A high-performance liquid chromatographic method with amperometric detection has been developed for the determination of the diuretic bumetanide using a microBondapak C18 column. The mobile phase consists of a 50:50 acetonitrile-water mixture containing 5mM KH2PO4-K2HPO4 (pH 4.0). The compound is monitored at +1350 mV with an amperometric detector equipped with a glassy carbon working electrode. A liquid-liquid or solid-liquid extraction is done prior to chromatographic analysis in order to avoid the interferences found in the urine matrix.

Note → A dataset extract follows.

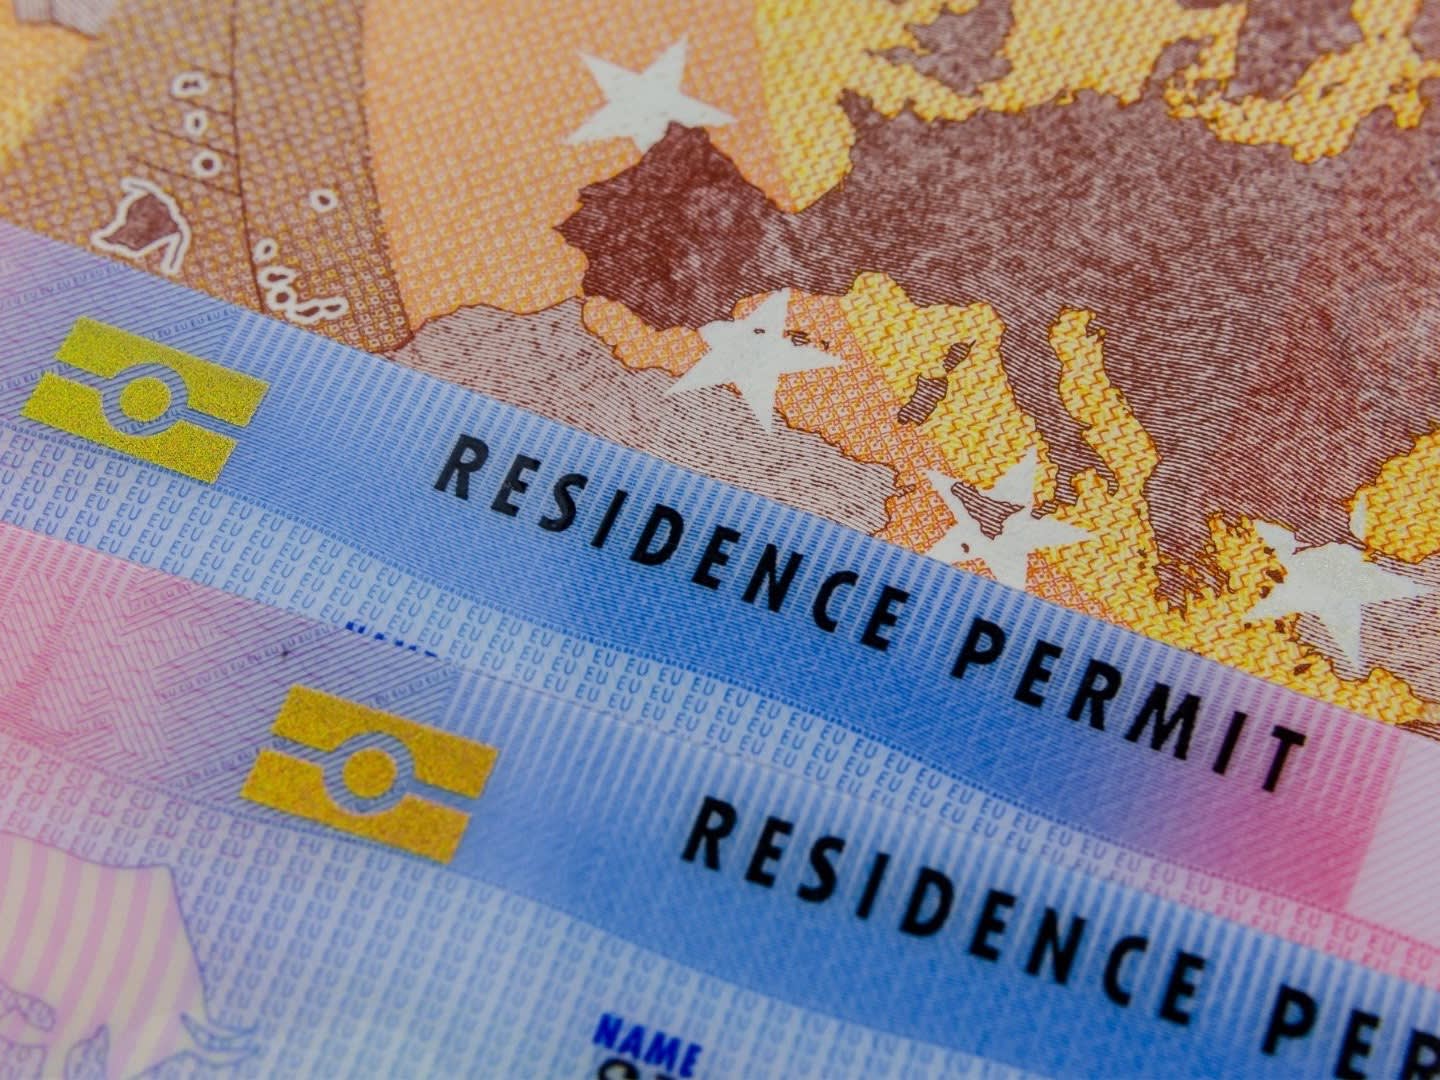 How to get your Belgium residence permit: An expat guide

The percentages of recovery obtained are 71%+/-1% for liquid-liquid extraction and 84.2%+/-0.7% for solid-liquid extraction. The method developed has a linear concentration range from 50 to 499 ng/mL with a reproducibility in terms of relative standard deviation of 1.73% and 3.85% for a concentration level of 70 ng/mL and 237 ng/mL, respectively, and a detection limit of 0.25 ng/mL (3:1 signal-to-noise ratio). The method is applied to the determination of bumetanide in pharmaceutical formulations and urine obtained from hypertensive patients and healthy volunteers after the ingestion of a therapeutic dose of Fordiuran (1 mg bumetanide).